À plusieurs reprises, Miège paraît même tenir pour négligeable de citer ses sources. Ainsi affirme-t-il : « Point besoin de revenir sur la question controversée de l’innovation qui est ainsi engagée et qui est loin d’être achevée, ou de faire référence à la multitude de travaux qui se sont donnés pour but d’aider à s’y retrouver dans le dédale des usages prescrits et effectifs » (p. 130). Et, ce qui pourrait être considéré comme un sommet du genre : « La liste est longue des constats formulés par divers auteurs concernant aussi bien des pratiques individuelles que le fonctionnement d’organisations ou de différents champs sociaux. Qu’il suffise de faire état ici… » (p. 165, suit une liste de phénomènes sans référence). Certes, cette méthode permet d’alléger la bibliographie, et de se passer de notes de bas de page. Mais quelle perte pour le lecteur ! Ce choix est d’autant plus difficile à comprendre qu’on ne doute pas un instant que Miège ait bien lu tous ces auteurs auxquels il ne renvoie pas. Est-ce alors par volonté de contenir le volume de son ouvrage (230 p.) ? Pourtant, nombre de cas auraient pu être tranchés par la mention de deux ou trois ouvrages représentatifs du courant abordé, accompagnées de quelques lignes d’explication. Et s’il avait fallu ajouter cinquante pages pour expliciter en détail quels aspects des conceptions contemporaines de l’espace public il s’agit de conserver ou de récuser, alors le livre aurait pu être cette synthèse que son titre et son introduction laissaient attendre.
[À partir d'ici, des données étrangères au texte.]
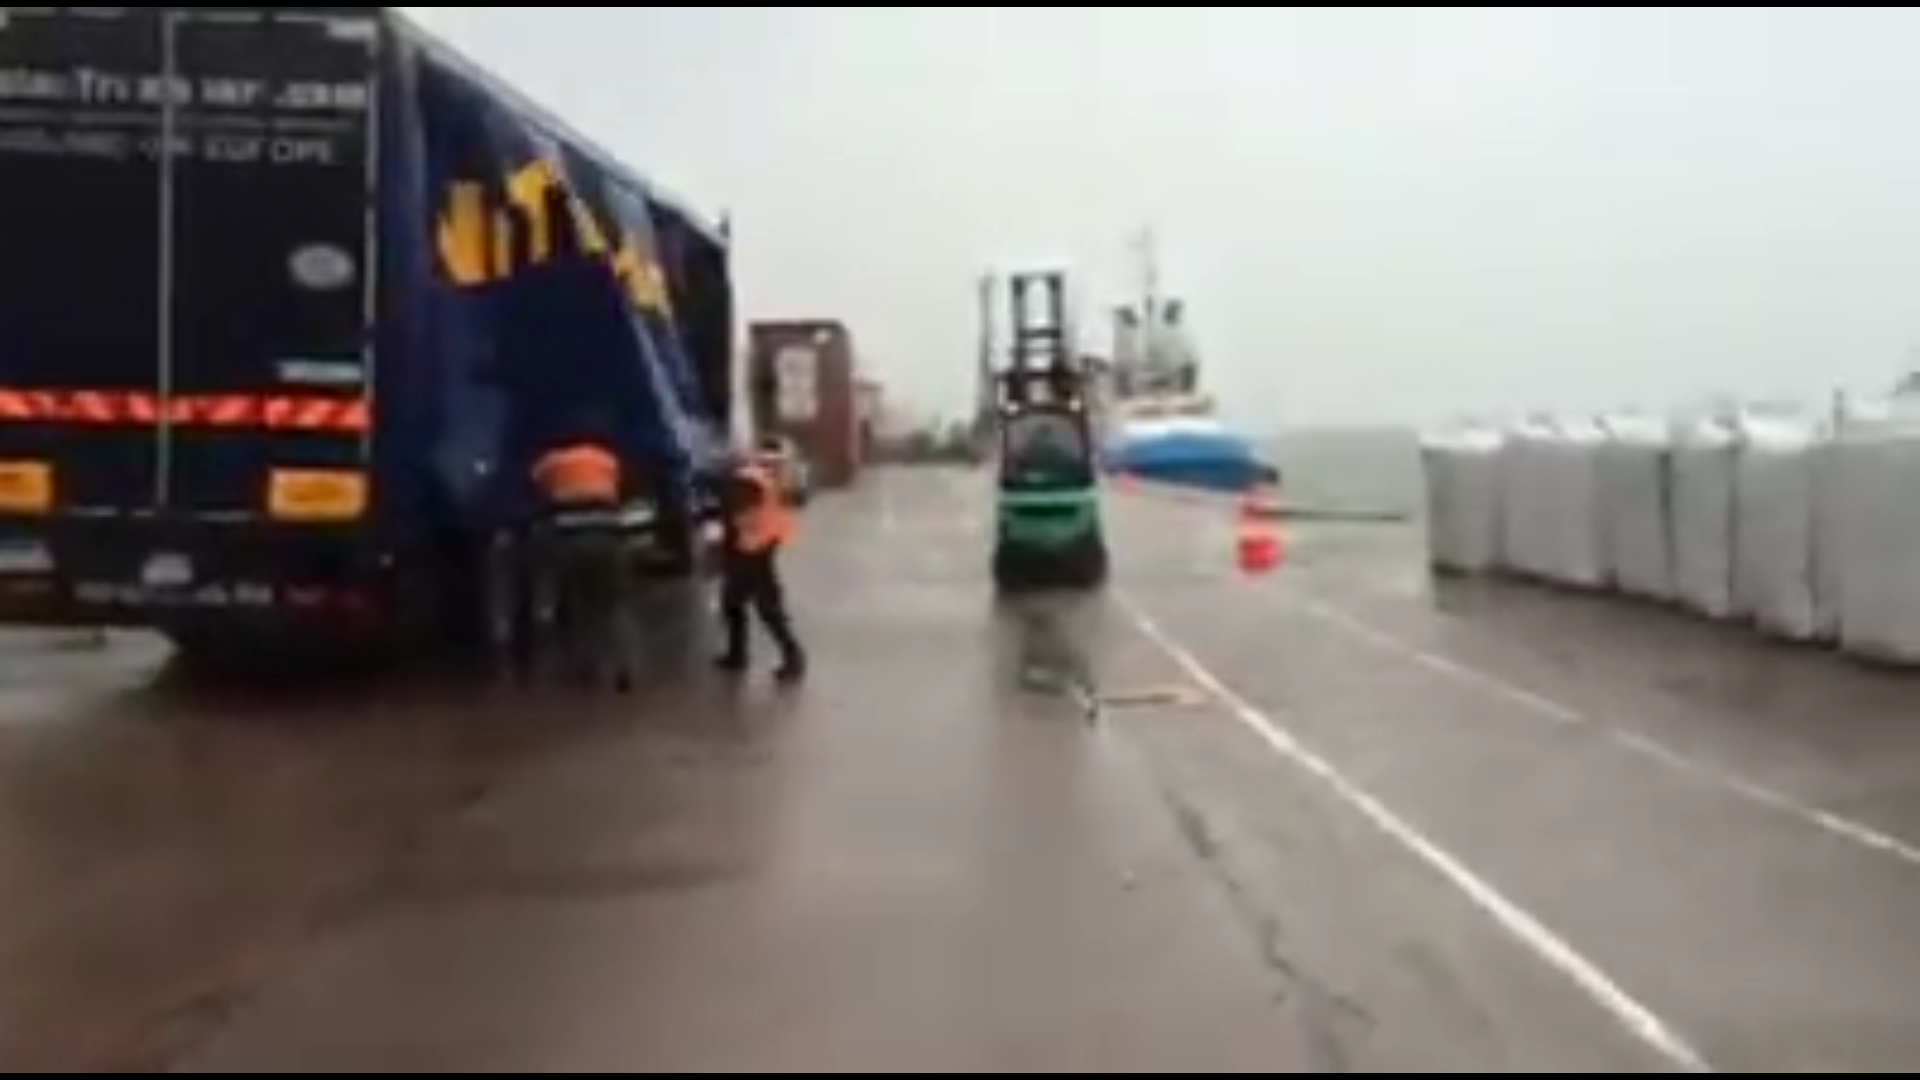 Artic trucks being loaded with 1 ton bags 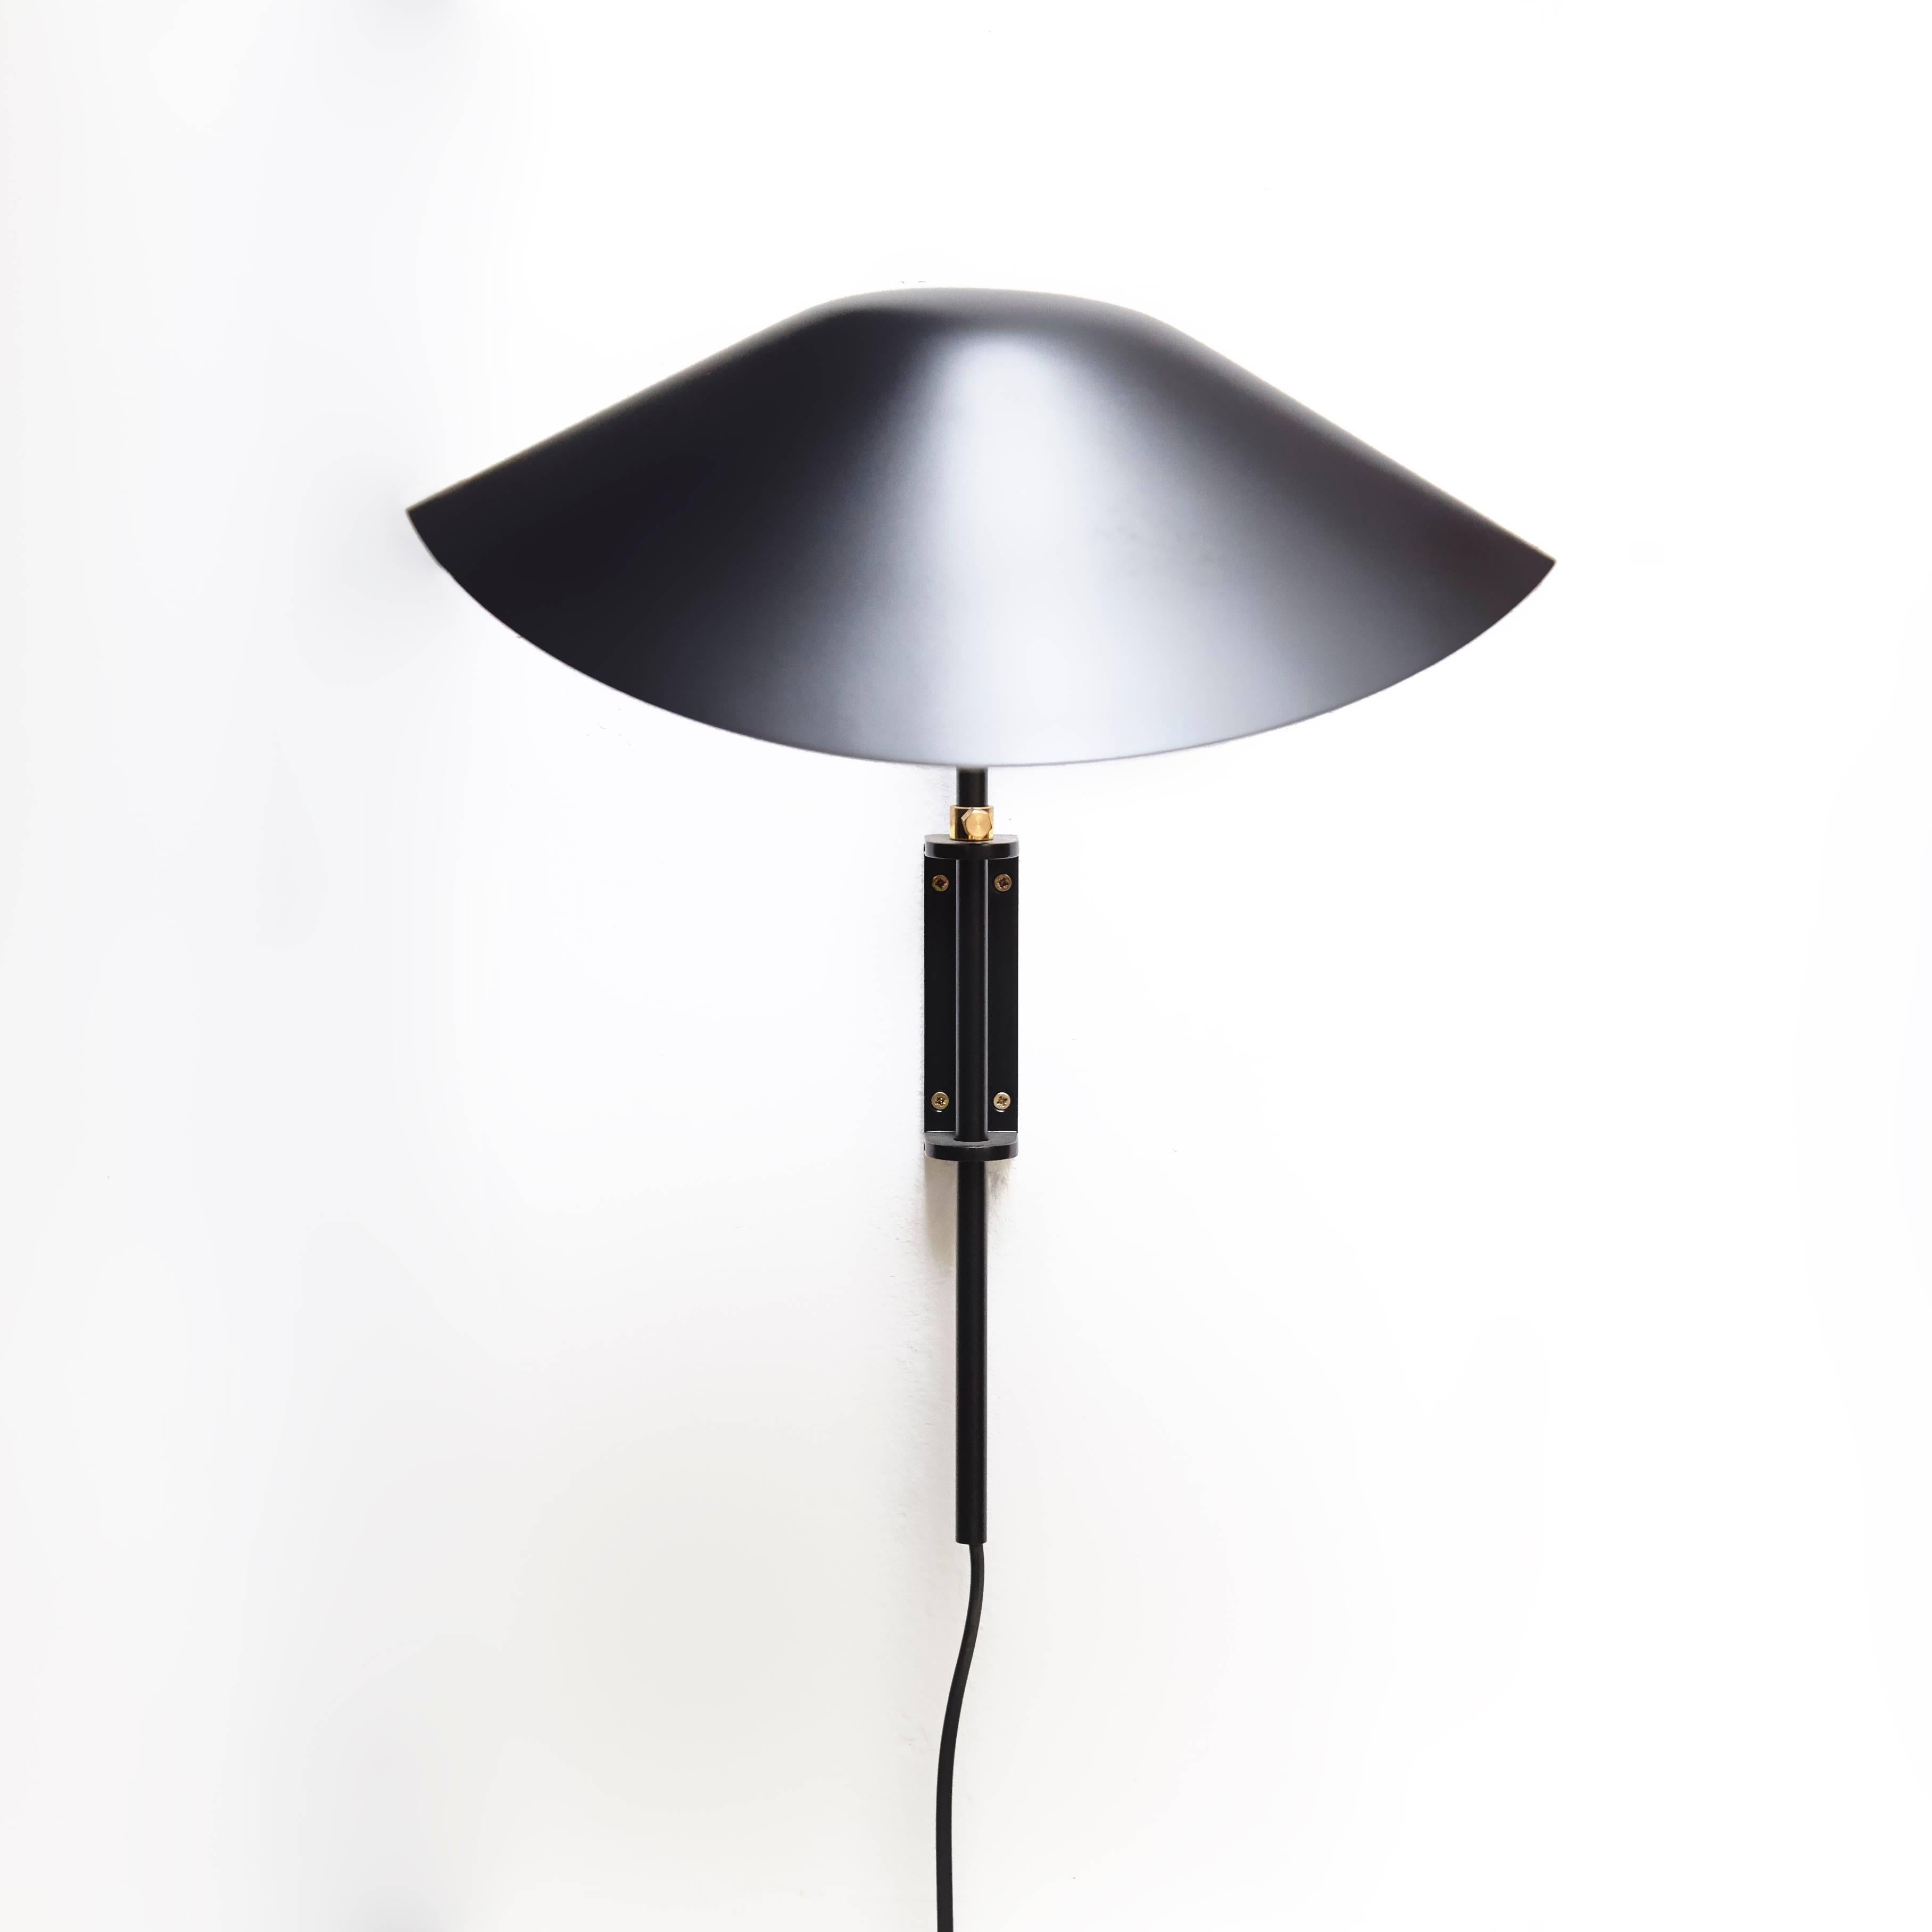 French Serge Mouille Mid-Century Modern Black Anthony Wall Lamp Whit Fixing Bracket

D’autant plus que, lorsque leurs auteurs vont dans son sens, Miège n’hésite pas à consacrer quelques pages à l’examen d’écrits sur lesquels il appuie son argumentation. Mais l’embarras s’ajoute à la gêne, quand on constate que ceux à qui il accorde le plus de place, c’est-à-dire cinq thèses de doctorat, présentées au chapitre 1 (p. 36-41), ont toutes été dirigées par lui-même, sans qu’il en soit non plus fait mention. Cependant, et bien s’il s’agisse là d’un comportement bien éloigné du recul, de la précision et de l’honnêteté que l’on serait en droit d’attendre d’une publication de ce calibre, là n’est pas l’essentiel ((Je viens pourtant de vous l’infliger, comme quoi vous êtes conciliants.)). L’essentiel réside dans les arguments de Miège pour défendre sa vision de l’espace public, et, je l’espère, dans ceux que je lui oppose.